Dr. Scremin: We need diversity in medicine to be able to appropriately serve our diverse society and create a just and inclusive healthcare system that is able to meet the needs of every person.

Latinos face a multitude of barriers to medical care: no time to go to the doctor because you are constantly working, fear that going to the doctor may expose you or your family to deportation, fear that you will not understand or be understood, and cost associated with going to doctor such as copays and medications.

Increased representation of Spanish-speaking providers and providers that come from similar backgrounds as the patient can help patients feel safe, understood and cared for.

Dr. Padua: The physician-patient trust is really the core of that relationship—you need to trust your doctor to explain the symptoms you're having and go deep into really personal issues. When there's a language barrier, it can generate a lot of mistrust of the medical community. 

Patients often get rushed and are pushed to answer questions quickly, and if they don't speak the language, they're not able to fully explain their symptoms or their issues. 

If the medical force is more inclusive, patients are more able to effectively communicate with their provider and build the trust they need. Once you have that rapport, you're able to get a patient coming into the hospital or clinic in a timely fashion, as opposed to waiting long periods of time.

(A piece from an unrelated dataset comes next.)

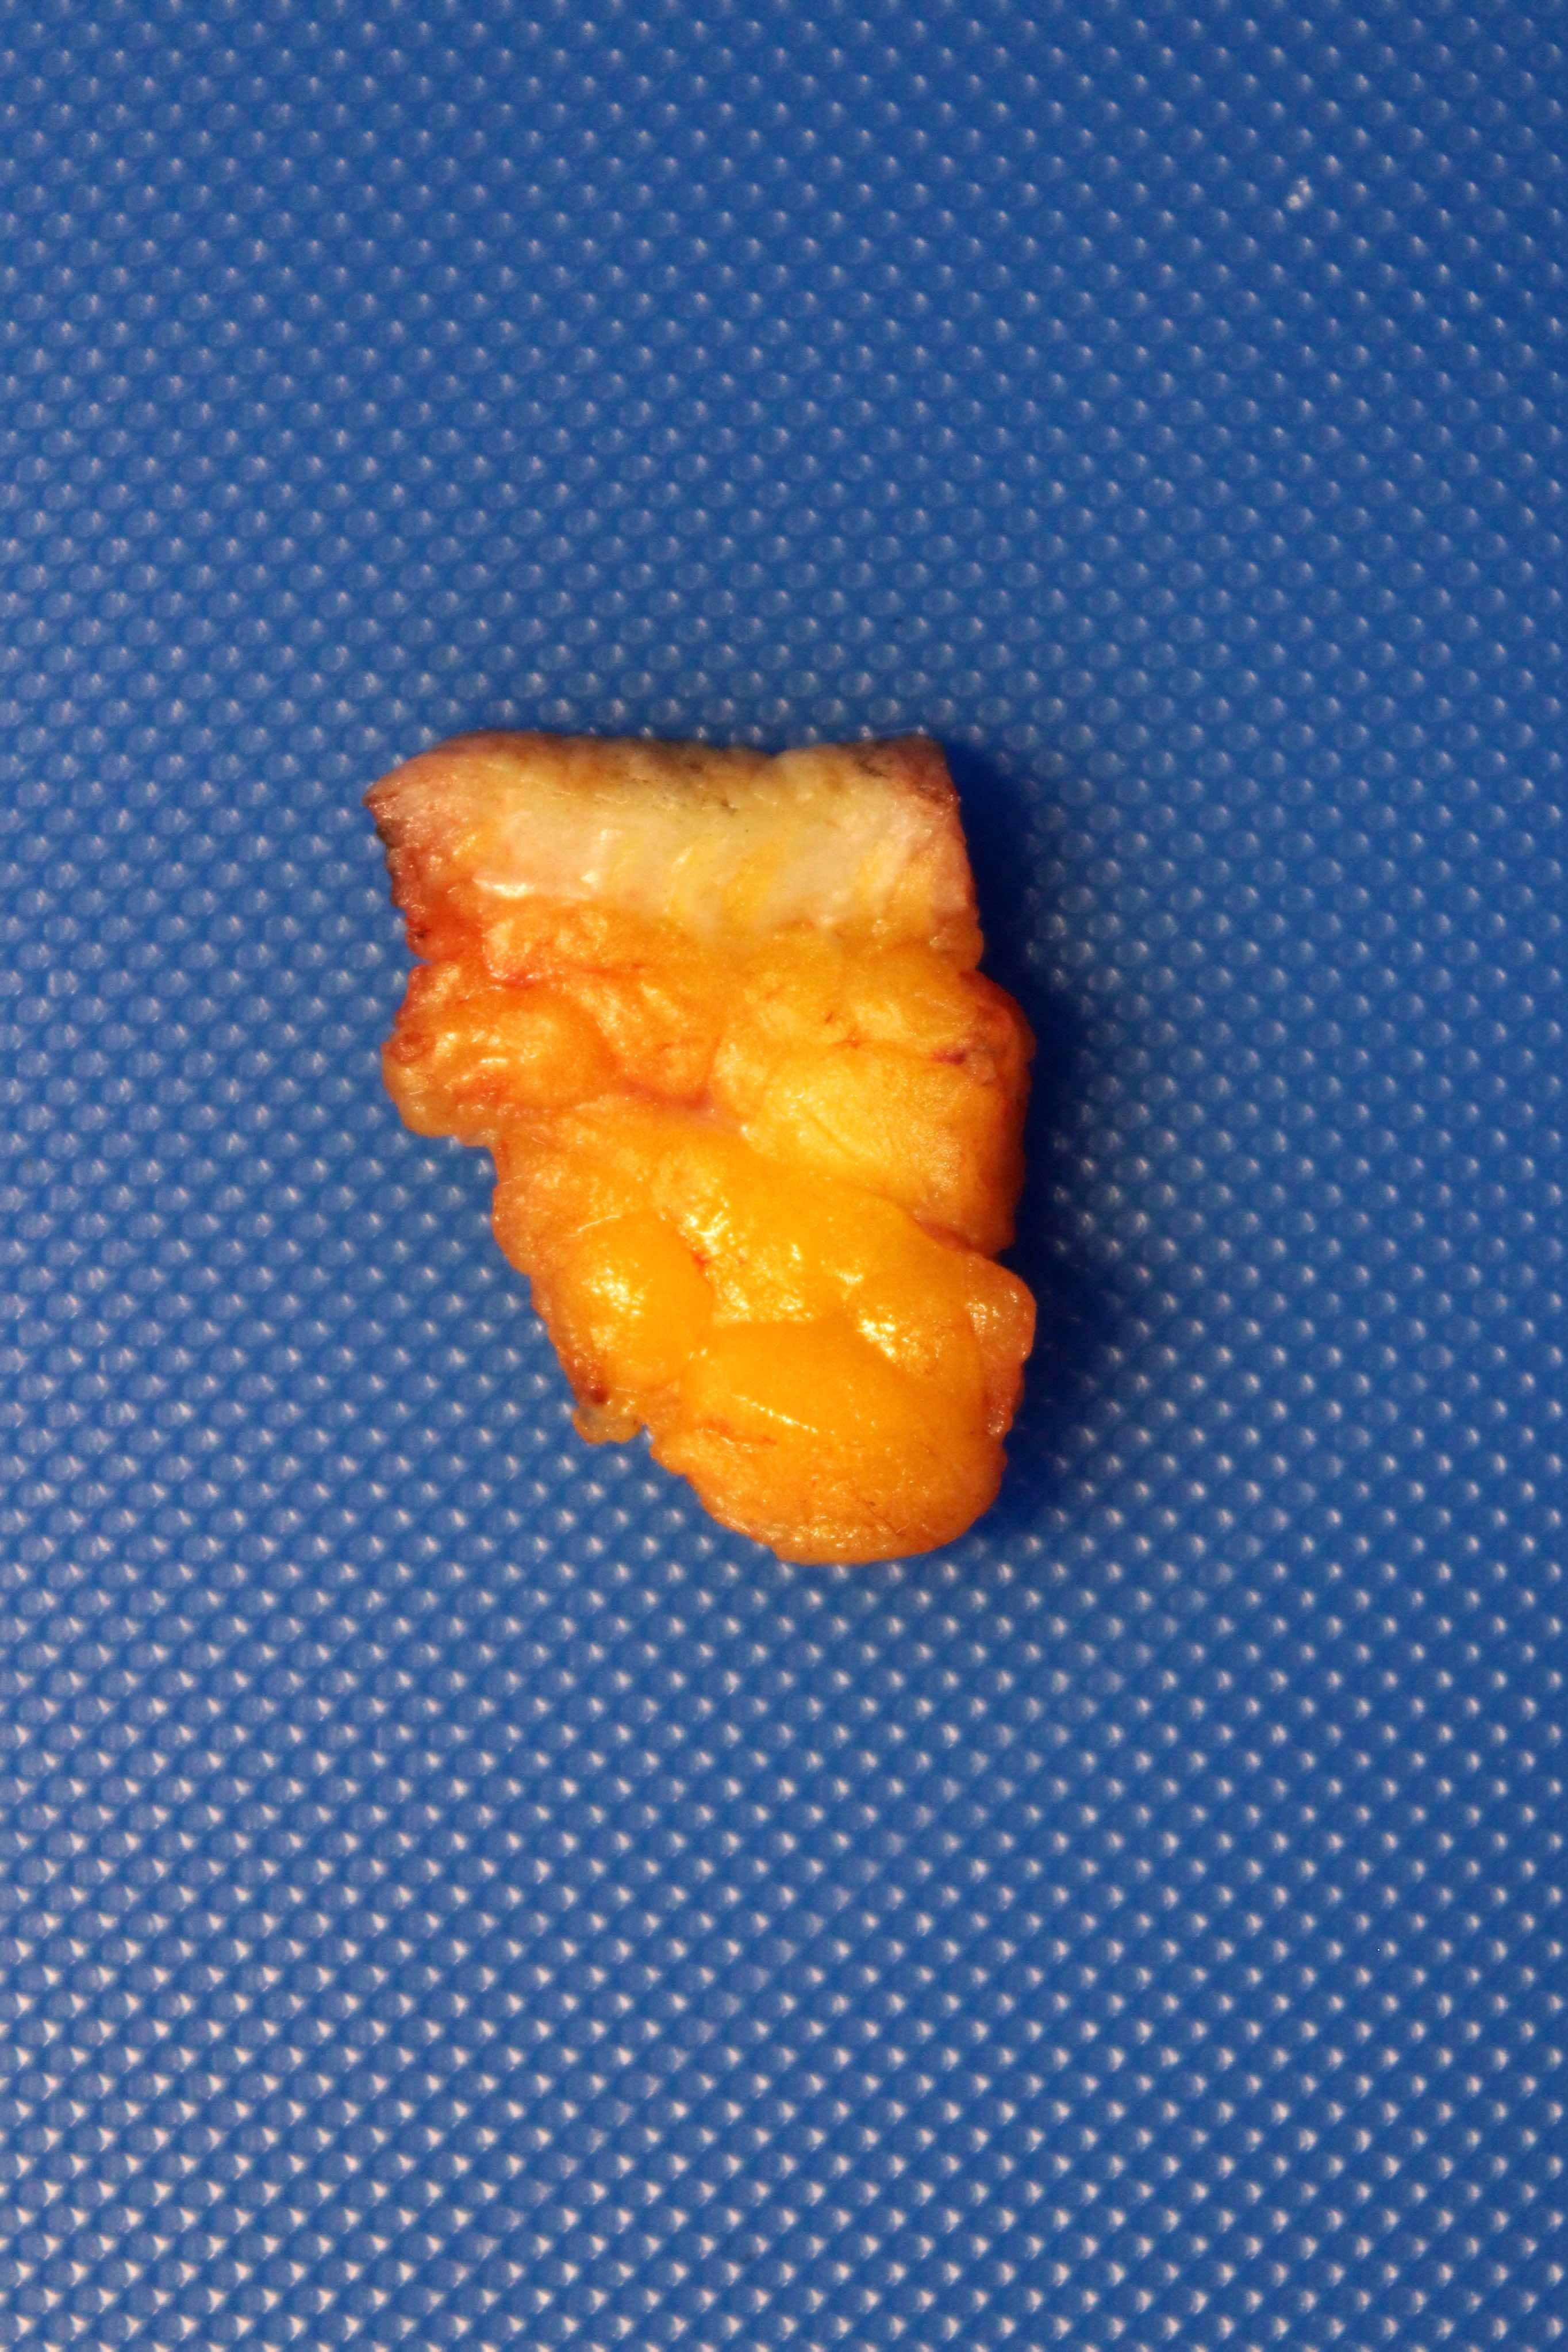 Subcutaneous fibroadipose tissue

Do you see representation improving?

Dr. Alban: Until this year I would have told you I don't see things changing, but I think after some of the national movement that has been occurring and is currently occurring, people are realizing this is a priority. I do see change coming, and I am very excited to be part of the change. I look forward to a bright future where healthcare delivery will be more equal to all. 

Dr. Padua: I don't see representation necessarily increasing. There needs to be more efforts to recruit Latino physicians to help address the lack of diversity in the medical field. That is a multifaceted problem starting from the high school level through college and encouraging recruitment and retention of underrepresented minorities at the medical and residency level.



Do you have any advice for aspiring Latina or Latino or Latinx doctors?

Dr. Padua: You have to find a good mentor. You have to find people who will help you navigate the really complicated world of medicine. There's a lot of hurdles you have to go through. 

It's a culture that is difficult to break in to unless you have someone who can show you the way. Finding mentors is critical to be able to climb up the academic ladder and to also have access to the type of jobs and opportunities that will make it a fulfilling career.

Dr. Scremin: Don't give up! Reach out and find a mentor. Be your own advocate and practice self-compassion, and be kind and patient with yourself. Enjoy the journey!

Dr. Alban: My advice for people who want to be engaged in the healthcare provider world is to talk to Latinos, look at people like me and some of my colleagues that have gone through this and made it through. These young individuals need that support and encouragement and mentorship. 

Sometimes they think these types of careers are not achievable because they think it's only for the privileged. Our stories are successful stories filled with hard work and dedication. You can do this. Tú sí puedes.